I've gone through a variety of introductions to generalized linear models (GLM), and there's always a point in the discussion that confuses me. The story often begins saying that $P(y|x)$ belongs to a member of the exponential family of distributions. Shortly thereafter, and without explanation, everyone always switches to the canonical exponential family, and finally to the exponential dispersion family of distributions, with an assumption that the dispersion parameter $\phi$ is known and constant.
Examples
Here is an example from an MIT OpenCourseWare lecture series (lectures 21-23 are on GLM).
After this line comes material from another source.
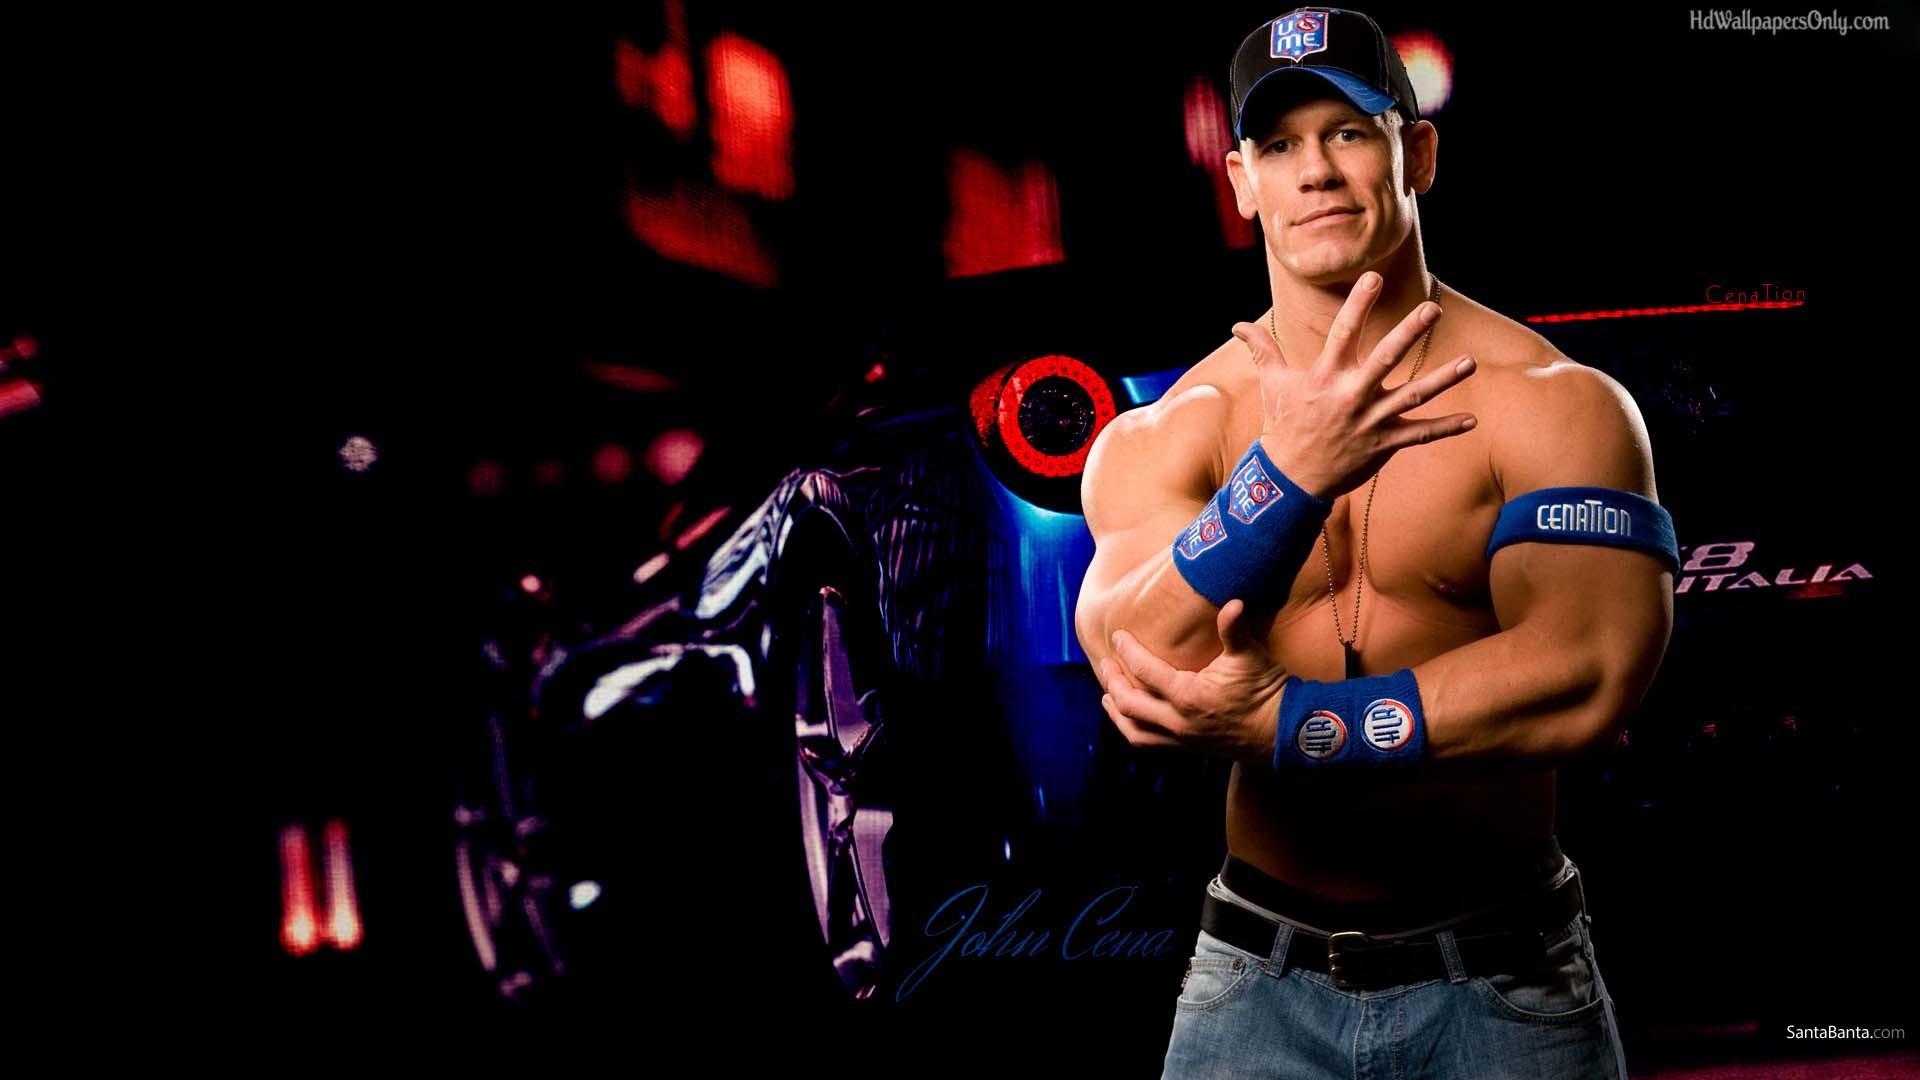 WWE John Cena Wallpaper 2018 (55+ Images

The exponential family discussion begins towards the end of lecture 21 and is much of the focus of lecture 22.
As another example, the Wikipedia article on GLM begins the Overview section with the statement
"In a generalized linear model (GLM), each outcome Y of the dependent variables is assumed to be generated from a particular distribution in an exponential family"
...and in the definition states (emphasis mine)
The GLM consists of three elements:
- An exponential family of probability distributions.
- A linear predictor η = Xβ.
- A link function g such that E(Y|X) = μ = g−1(η).
In the following line, however, the article begins discussing the overdispersed exponential family and limits further discussion to scalar parameters.
My Question
What I'm missing is why instructors are using these smaller classes of distributions - is it just because the examples are more tractable for a classroom, or are the log-likelihoods not guaranteed to be convex, or something else?
If it's the case that GLM only applies to exponential dispersion distributions, why is the requirement always stated as the broader, multi-parameter exponential family?